[SOURCE MATERIAL]:

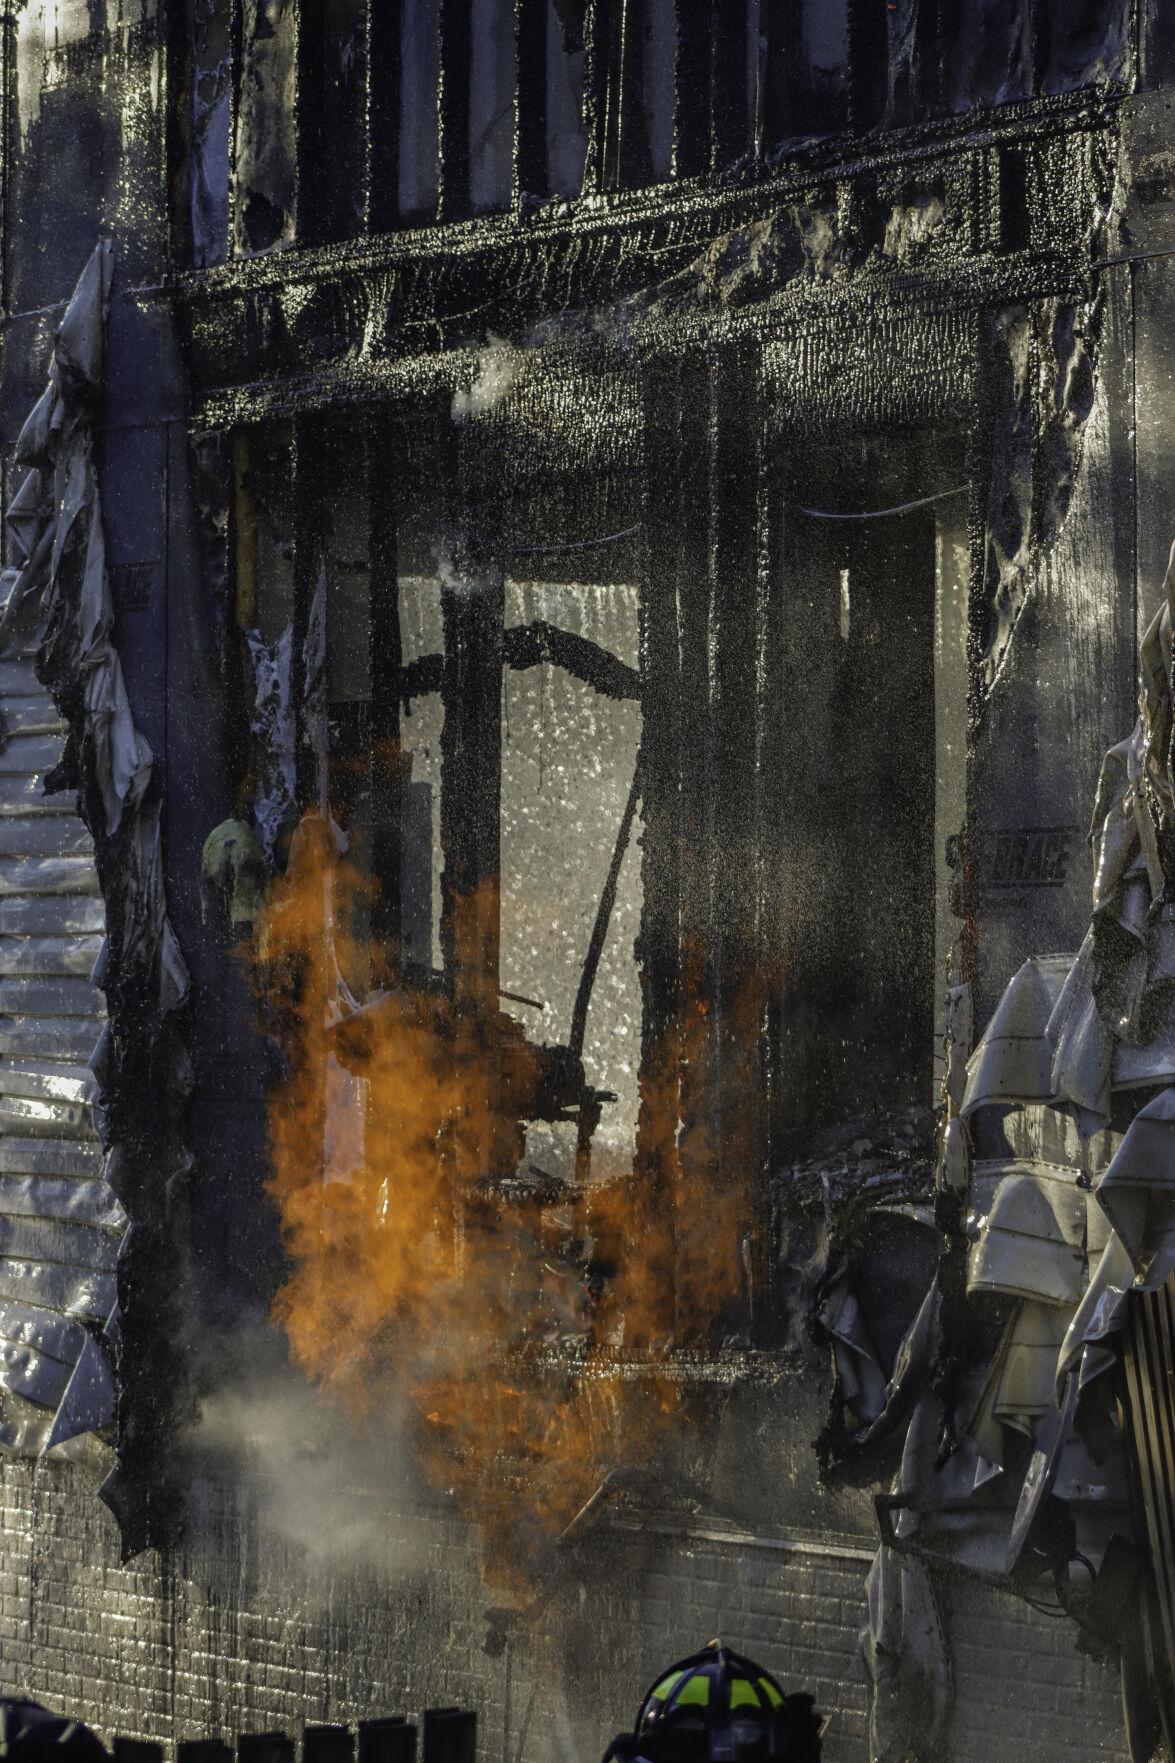 House_Fire_2JC Photography 2021 - -132.jpg
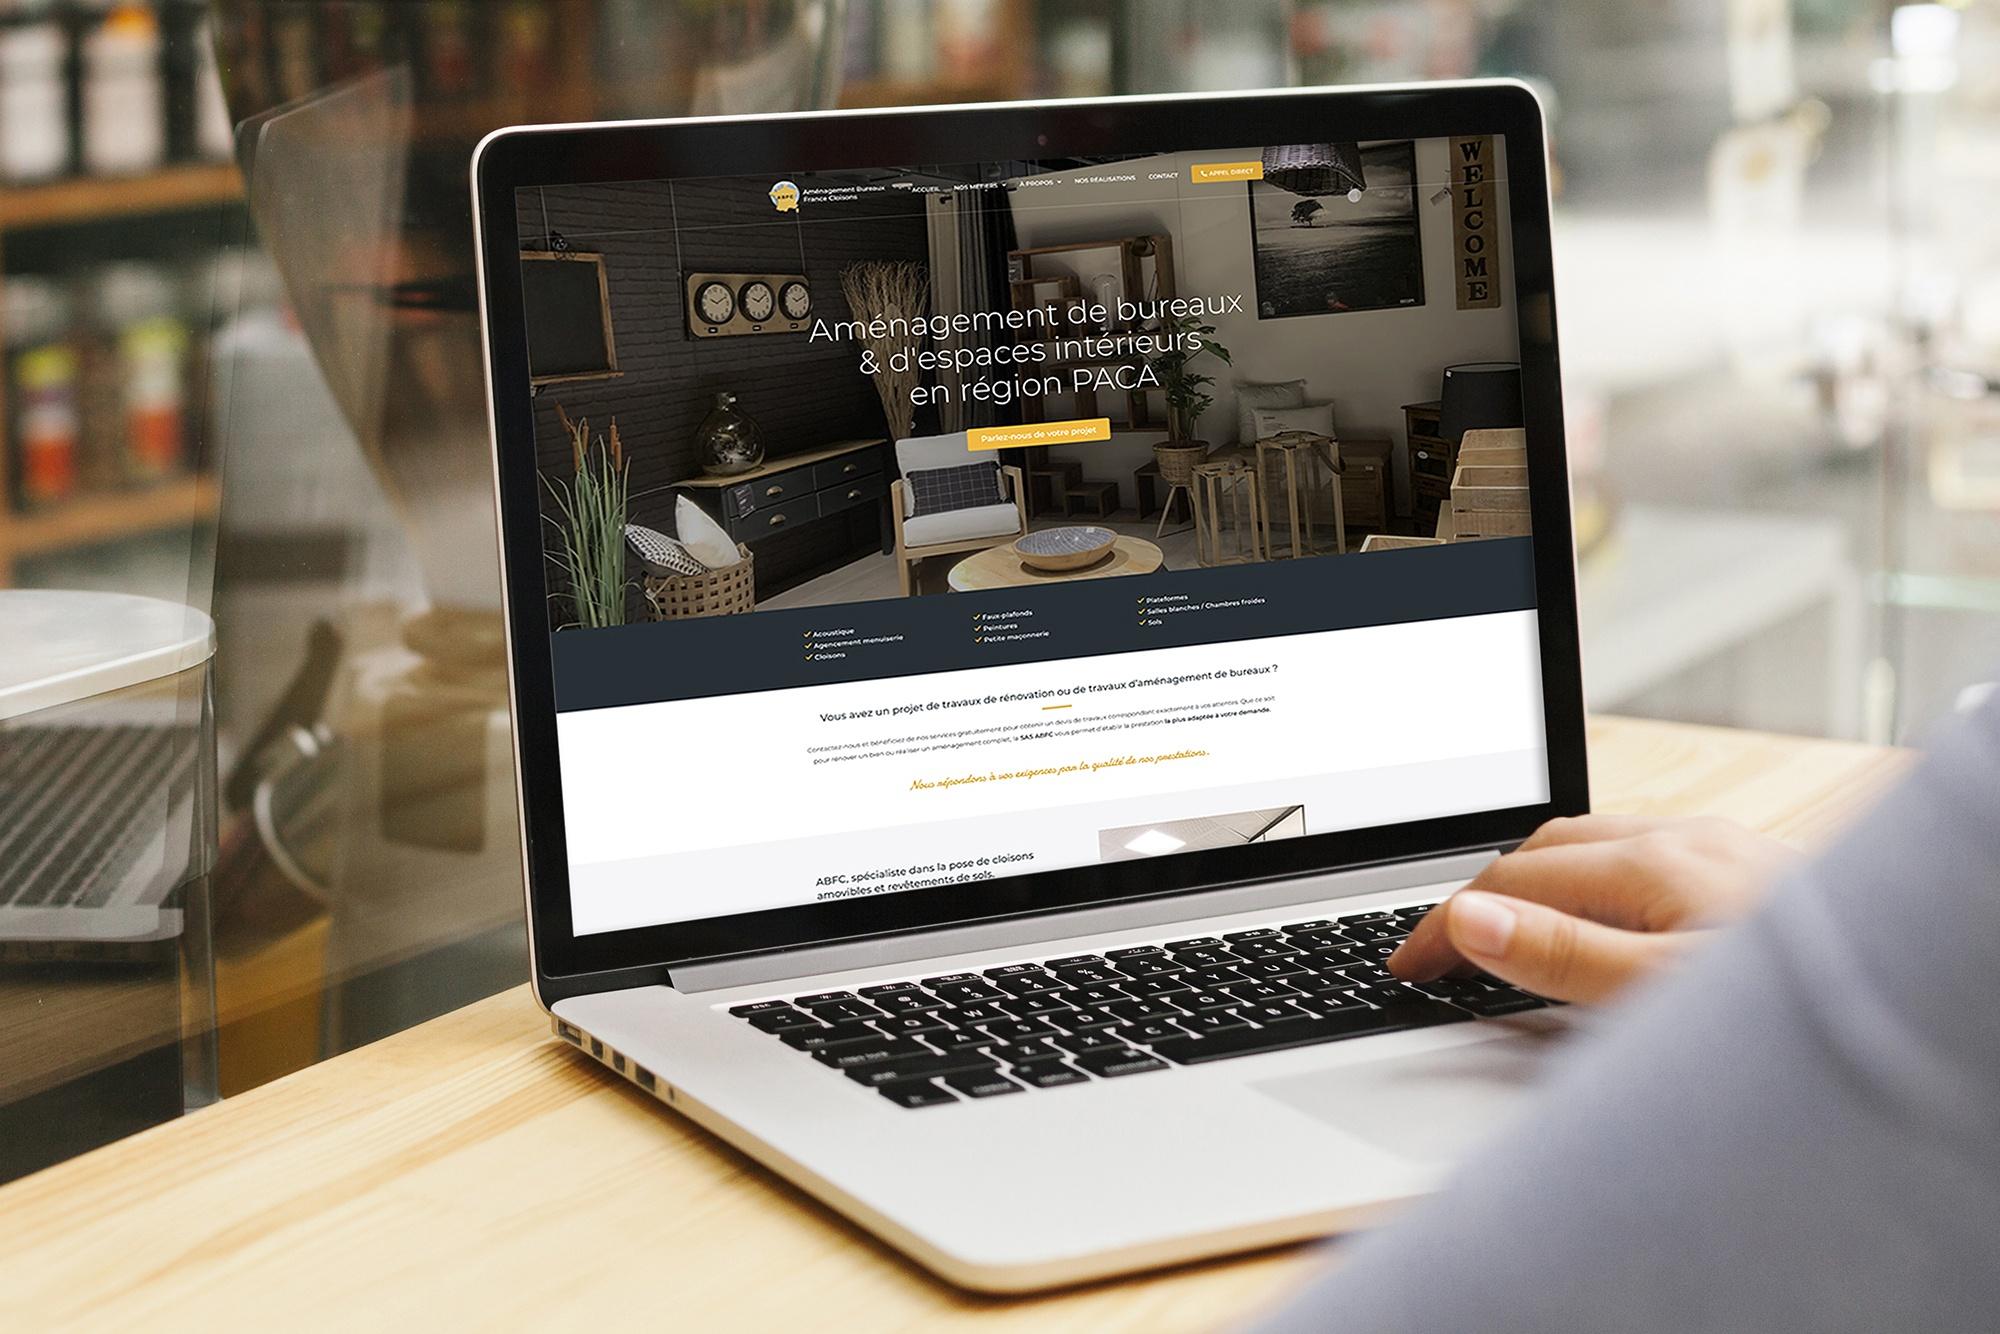 création site internet site web à Annecy en Haute-Savoie (74) webdesigner freelance freed from design
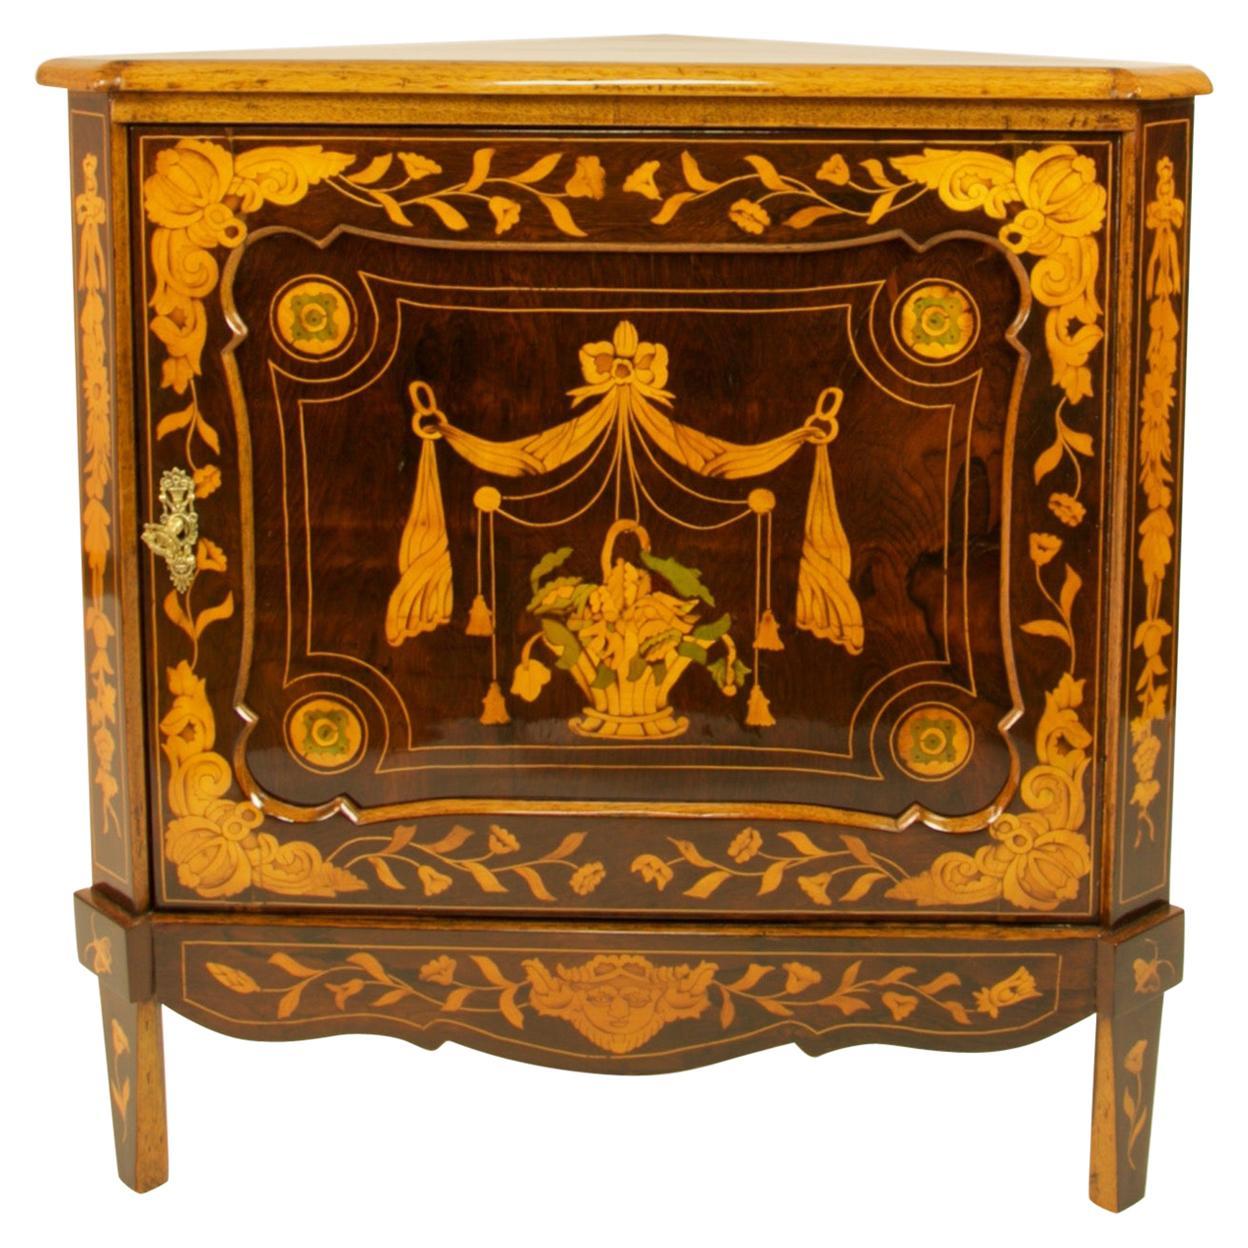 Dutch Louis XVI Marquetry Corner Cabinet or Encoignure
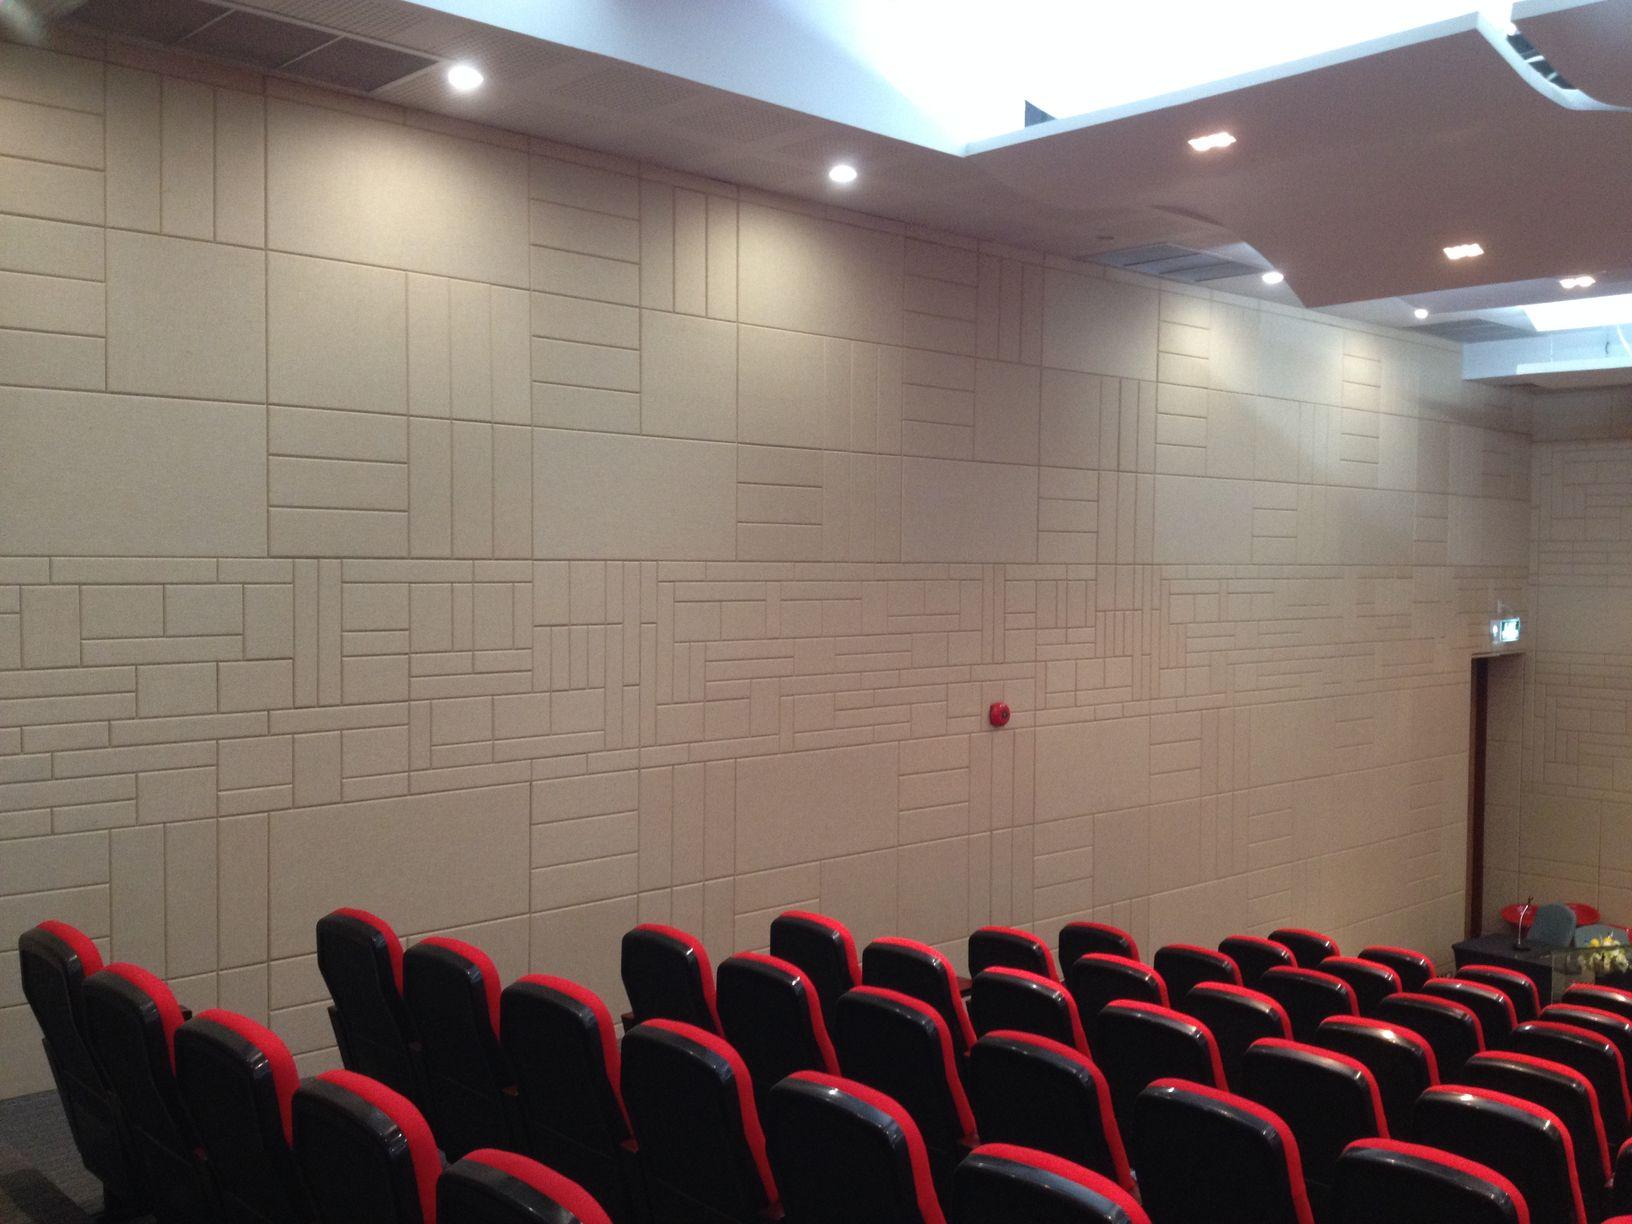 SCG Sound Absorption Installation Zandera Wall Decorative (24)

[ACTION ITEM]:
Starting at the line that holds "Dutch Louis XVI", reproduce each line through the last one of the listing, and nothing more; the pictures stay out.

[ANSWER BELOW]:
 Dutch Louis XVI Marquetry Corner Cabinet or Encoignure
 SCG Sound Absorption Installation Zandera Wall Decorative (24)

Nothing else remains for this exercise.